Member of the Georgian Parliament
- Incumbent
- Assumed office 18 November 2016

Personal details
- Born: Giorgi Benashvili 30 September 1964 (age 61) Tbilisi, Georgian SSR, Soviet Union (now Georgia)
- Party: Georgian Dream

= Gia Benashvili =

Georgian politician

Giorgi (Gia) Benashvili (გია ბენაშვილი, born 30 September 1964) is a Georgian entrepreneur, national security officer and politician who has served as a member of the Parliament of Georgia since 2016. Educated in the former Soviet Union, he worked in the national security sector from 1988, first in the Soviet government of Georgia and then under the independent Republic of Georgia. After leaving the public sector to work as a security consultant for several large companies from 2007, he entered politics in 2016 when he was elected to the Georgian Parliament on the electoral list of the ruling Georgian Dream party.

==Biography==
Guia Benachvili was born on September 30, 1964, in the Georgian Soviet Socialist Republic. He was educated at the Georgian Technical University between 1981 and 1986, specializing in measuring instruments, before graduating in jurisprudence from the Tbilisi Law Institute. After a short stint as an engineer for the Analitkhelsatso company, he joined the Georgian Soviet government's security services in 1988 as an officer of the Security Committee. During this period, he witnessed the break-up of the USSR and the events surrounding Georgian independence, including the April 9 tragedy, when Georgian demonstrators clashed with Soviet troops.

Following Georgian independence in 1991, he became a senior officer in the Investigation Department of the Ministry of Security under the government of Zviad Gamsakhurdia. He was transferred to the Georgian Intelligence Service in 1992 by the Military Council that overthrew Gamsakhourdia, then joined the Security Service, the domestic counter-intelligence agency, in 1993 under Eduard Shevardnadze. A year later, he became a security officer in the government guard before joining the president's personal security. In 1998, he was promoted to deputy director of the Special State Protection Service. During his time in the secret service, he was awarded the Military Medal of Honor in 1999 and the Order of Vakhtang Gorgassali 3rd Rank in 2001.

With the advent of a new government following the Rose Revolution of November 2003, Benashvili was appointed deputy director of the Customs Department under Minister Vano Merabishvili. Between 2005 and 2007, he worked as Inspector General of the Georgian Ministry of Finance. He then left public service to enter the private sector, becoming head of security for several major energy companies, including Kala-Kapital LLC (2007–2008, a firm owned by future Tbilisi mayor Kakha Kaladze), Kaztransgaz LLC (KTG, 2008-2009 then 2013–2014) and Rompetrol LLC (2009–2013). He also served on the boards of other energy companies, including Kastransgaz-Tbilisi LLC (2014–2016) and Gas Transmission Company, where he was CEO in 2015–2016.

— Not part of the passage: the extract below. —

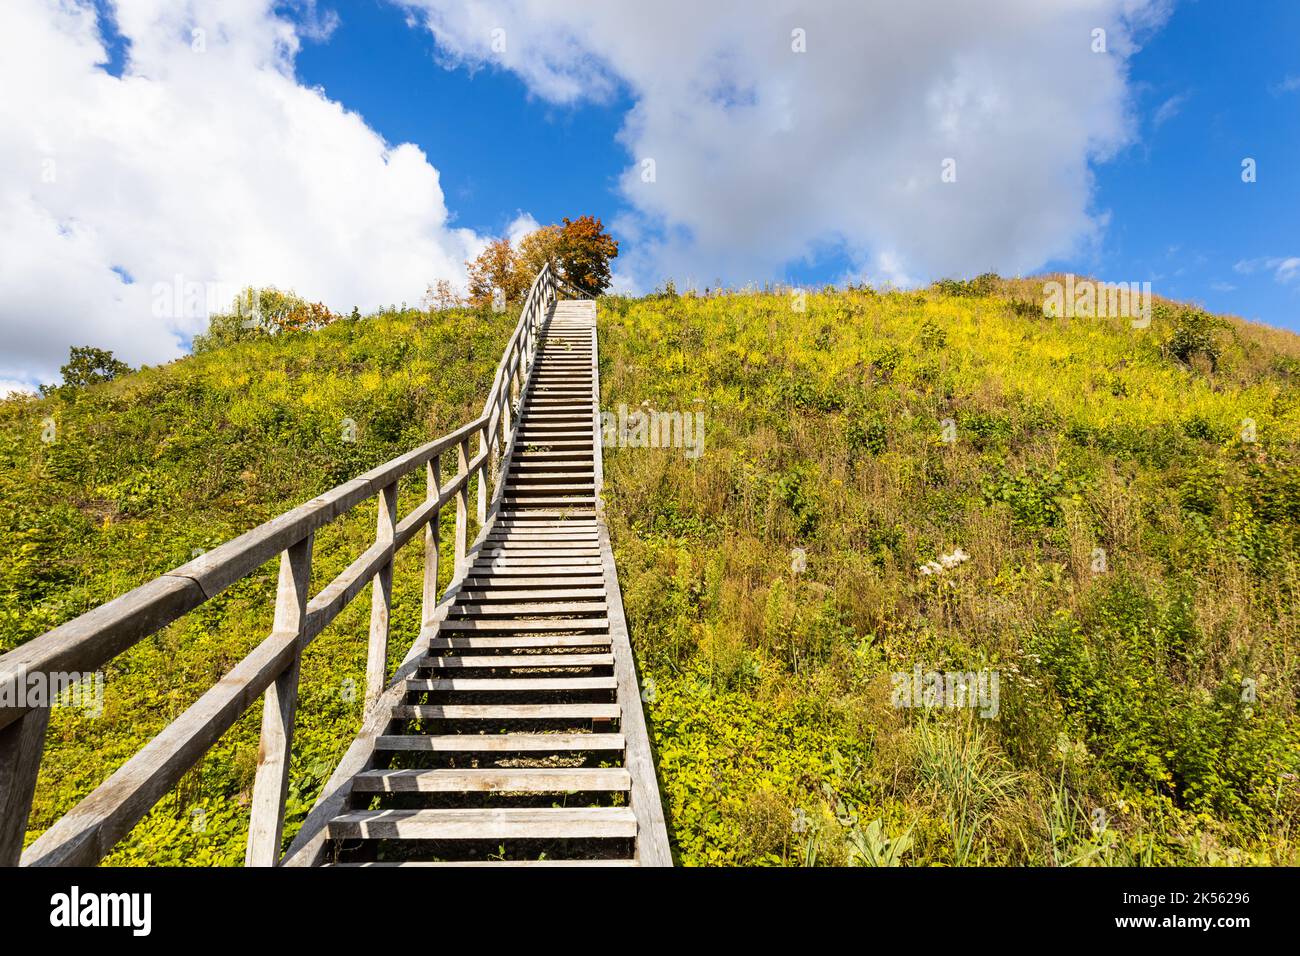 Wooden stairs in the middle of nature to climb up or go down Stock Photo

In 2016, he joined the political party in power since 2012, Georgian Dream, where he became director of the Service for Assistance and Monitoring of Information (SASI). Included in the party's electoral list, he was elected as a deputy in the parliamentary elections of October 3, 2016, a position to which he was re-elected on October 31, 2020. In Parliament, he is vice-chairman of the Committee for Defense and Security and, until 2020, a member of the Georgian delegation to the GUAM Parliamentary Assembly. It is in the latter capacity that he calls for greater cooperation between Georgia, Ukraine, Azerbaijan and Moldova in cybersecurity. He is also a member of parliamentary friendship groups with Azerbaijan, Belarus, Cuba, Egypt, Moldova, Turkey, Romania, Ukraine and Kazakhstan.

As a member of parliament, Benachvili co-authored several bills that were approved by Parliament, including a law increasing training requirements for SUS agents (domestic counter-espionage service) and a law increasing penalties for sexual crimes against children under the age of 14.